I know no-one can answer for me. I'm being a bit silly asking for a hand-hold when I have no right to one with this poor man's death!
Aw, yousaw here's a hand for you!
Your story makes me think of the song by Don McLean about Vincent van Gogh.
You took your life, as lovers often do
But i could've told you, Vincent
This world was never meant for one as beautiful as you
It often seems that those with the gentlest, sweetest spirits are destined to die far too soon.
I cannot offer the same sort of certainties that a religious person might, but I do think there’s a chance that this man may have experienced, in the process of dying, the feeling of being loved and cared for that evaded him in life.
The reason I say this is because people who have gone through Near Death Experiences often report that they felt a calmness and sense of being loved. Some remember going through a kind of Life Review in which they get to feel from the inside the emotions of people they have encountered along the way.
Most scientists would say that these apparent experiences are conjured up by the dying brain and aren’t real in an absolute sense.

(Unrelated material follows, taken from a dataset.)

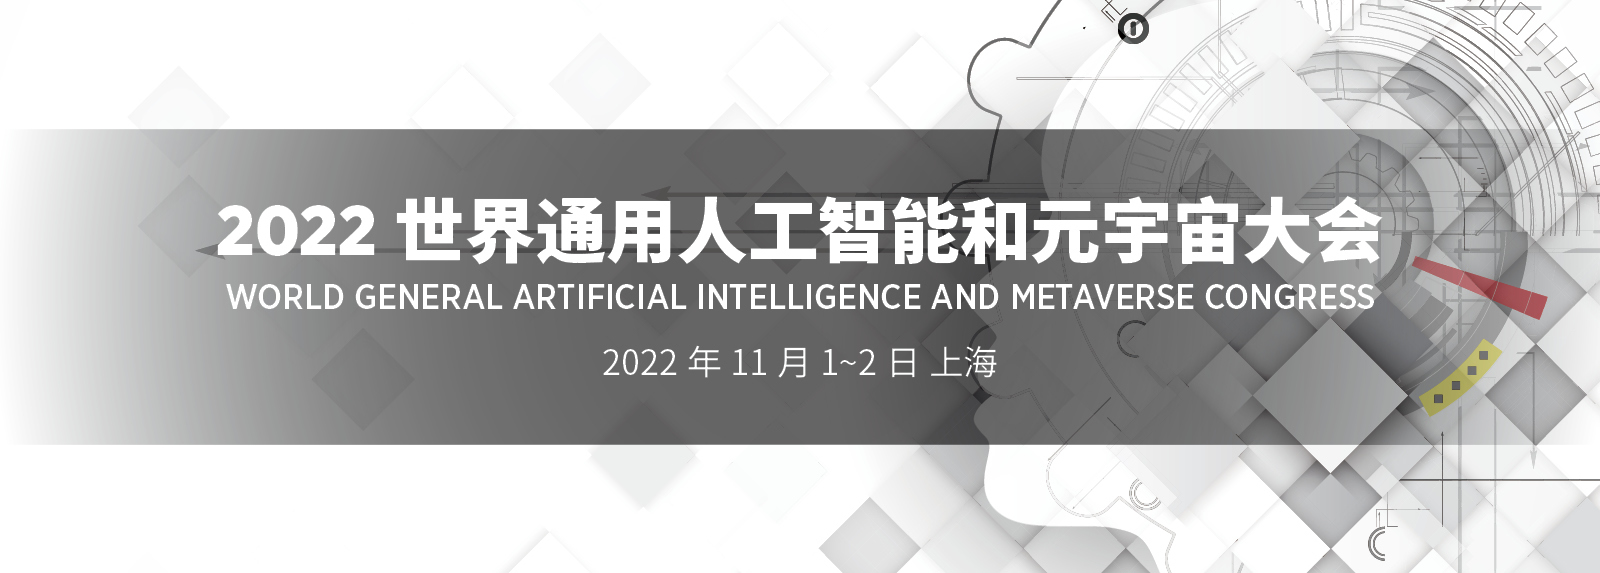 2022 世界通用人工智能大会

Nevertheless these are the sorts of recollections people come back from the brink with.
So what I’m saying is this man, who you met but fleetingly, could have had the consolation you wished for him, whether as a dying ‘dream’ or otherwise.
It sounds like you may need time to grieve for him, even although you did not know him well.
Have a listen to Starry, Starry Night and shed a tear in memory of a good guy, gone too soon.
It is thoughtful of you to care.
I hope where ever the passed have gone they know that they are loved
Thank you both.
Out- that's really comforting actually. I just needed to hear something like that. I'm going to keep looking back at that to remind myself that it's ok.
If he had been anything other than a really sweet, person, I'd have just thought 'that's sad' and moved on. But he was so vulnerable and his last months were so dreadfully miserable. He really felt he'd lost absolutely everything, well, I guess he had. He left a loving note for his ex, and she wasn't interested in it.
I just wish for him that his last moments weren't spent thinking that he had no-one who loved him. I do hope it was good memories that came to mind.
Starry night is such a beautiful song, always makes me well up.
I feel that they do know. I also believe in reincarnation so we all get another shot, all be it in a different form.
You sound a thoughtful person OP. Best wishes.